Desafios para a inclusão digital da terceira idade
Enviada em 03/08/2020
Macabéa, personagem fictícia da autora Clarice Lispector, era excluída da sociedade pelo fato de amar as palavras, mas não saber o significado das mesmas. De forma análoga, na contemporaneidade, os idosos sofrem o preconceito e a exclusão, visto que amam as ferramentas digitais - a exemplos: celulares inteligentes e aplicativos atuais -, mas não sabem utilizá-las, consequentemente, tal parcela torna-se marginalizada, propícia ao esquecimento e ao sentimento de não pertencimento aos grupos nos quais estão inseridos. Dado o exposto, deve-se analisar não somente a exclusão causada pelo desenvolvimento financeiro, mas também o direito de acesso às ferramentas que lhes é negado.
Em primeiro plano, é preciso entender que o avanço monetário trouxe consequências negativas à terceira idade. Consoante a isso, o filósofo Karl Marx apresentou em uma de suas teses a teoria da reificação, ou seja, a transformação do ser humano em coisa potencialmente descartável. Dessarte, é indiscutível que o avanço do capitalismo tornou os indivíduos economicamente inativos desintegrados dos nichos tecnológicos, haja vista que foram reificados e intitulados de “inúteis” devido a não participação no cenário econômico hodierno, o que, além de confirmar o pensamento marxista, denuncia a sociedade preconceituosa que segrega aqueles que contribuíram para o mundo atual.
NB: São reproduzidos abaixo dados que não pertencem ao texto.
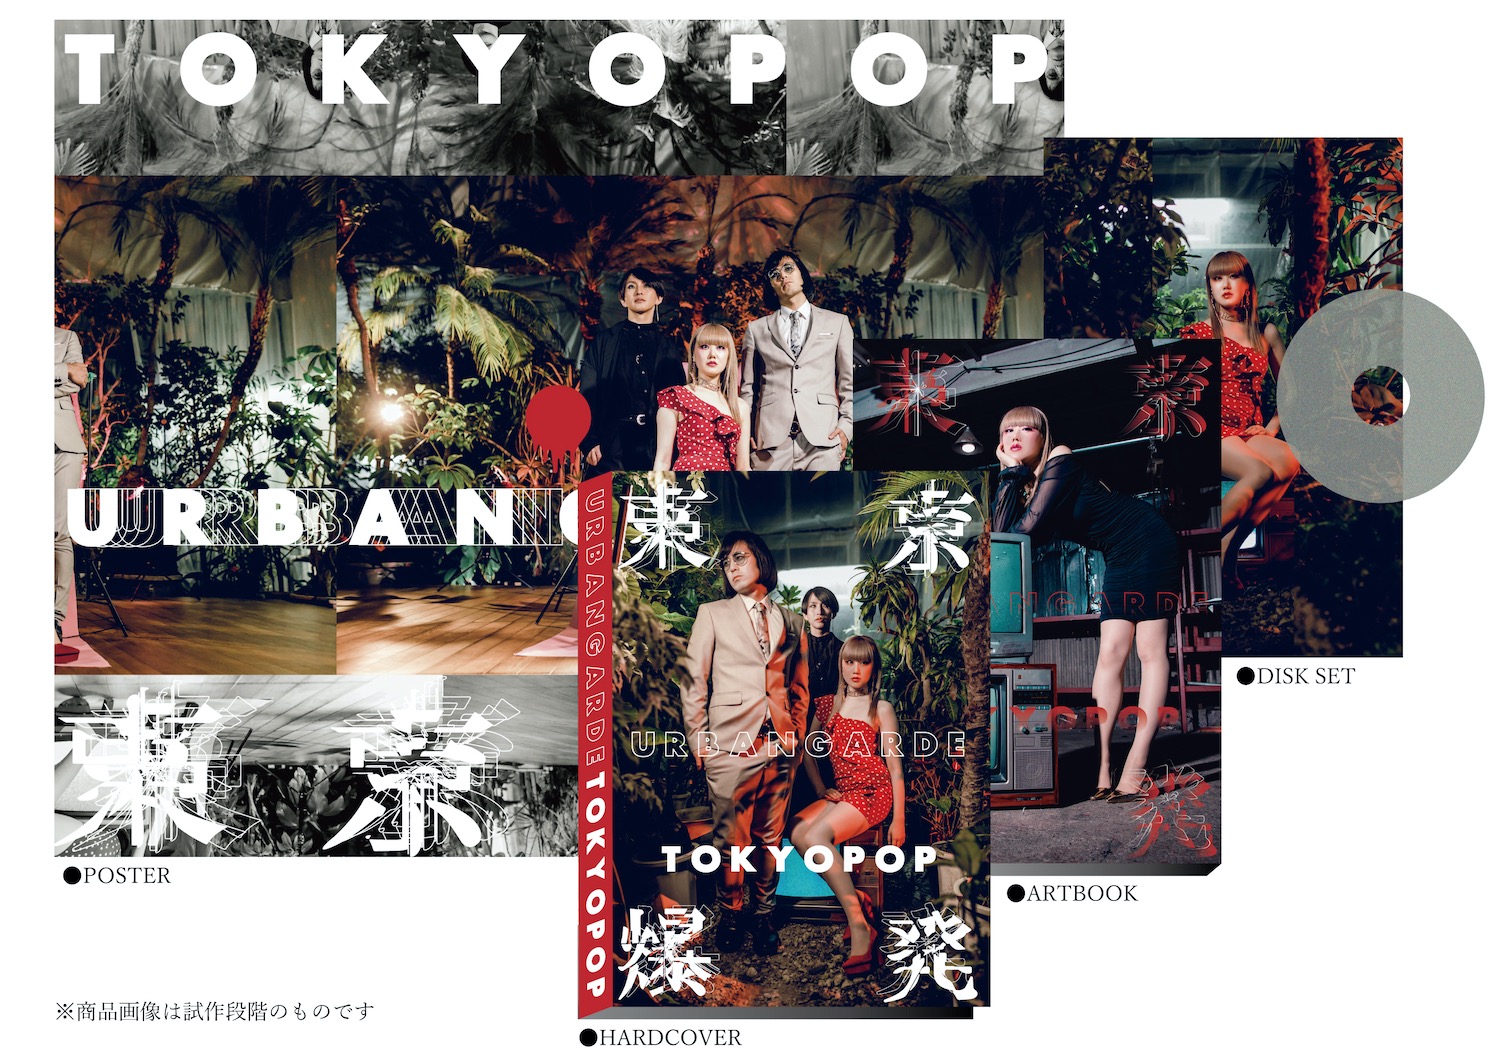 アーバンギャルド 年元日に発売する新作アルバム Tokyopop 収録曲と豪華盤の内容を発表 Uroros

Ademais, é imprescindível examinar que o acesso às ferramentas digitais é essencial a todos. Para isso, a Organização das Nações Unidas publicou um documento no qual afirmava que a acessibilidade às tecnologias é, assim como a moradia e a alimentação, um direito fundamental que deve ser garantido a todos os cidadãos do mundo. É notório, no entanto, que, apesar de protocolado pela ONU, o acesso digital não abrange totalmente os indivíduos, a exemplos, os idosos, que, por conseguinte, são desintegrados do lugar e do contexto nos quais habitam e vivem. Dessa maneira, tornam-se alvos fáceis de notícias falsas e de manipulação pelos demais usuários.
É mister, portanto, que projetos sejam criados para que a inclusão digital da terceira idade deixe de ser um desafio para o país. Destarte, cabe ao Ministério da Educação, em parceria com o Estatuto do Idoso, a criação de cursos gratuitos de informática e utilização de ferramentas digitais, por meio de capitais públicos e privados, além de capacitar profissionais que atuarão com tal população, para que haja a integração dos idosos na sociedade - o que contrariará a máxima marxista - e também o aguçamento do senso crítico de tal grupo, visando a não manipulação dos mesmos. Assim, o Brasil distanciar-se-á dos entraves enfrentados por Macabéa e aproximar-se-á do desenvolvimento, pleno, mútuo e da inclusão digital.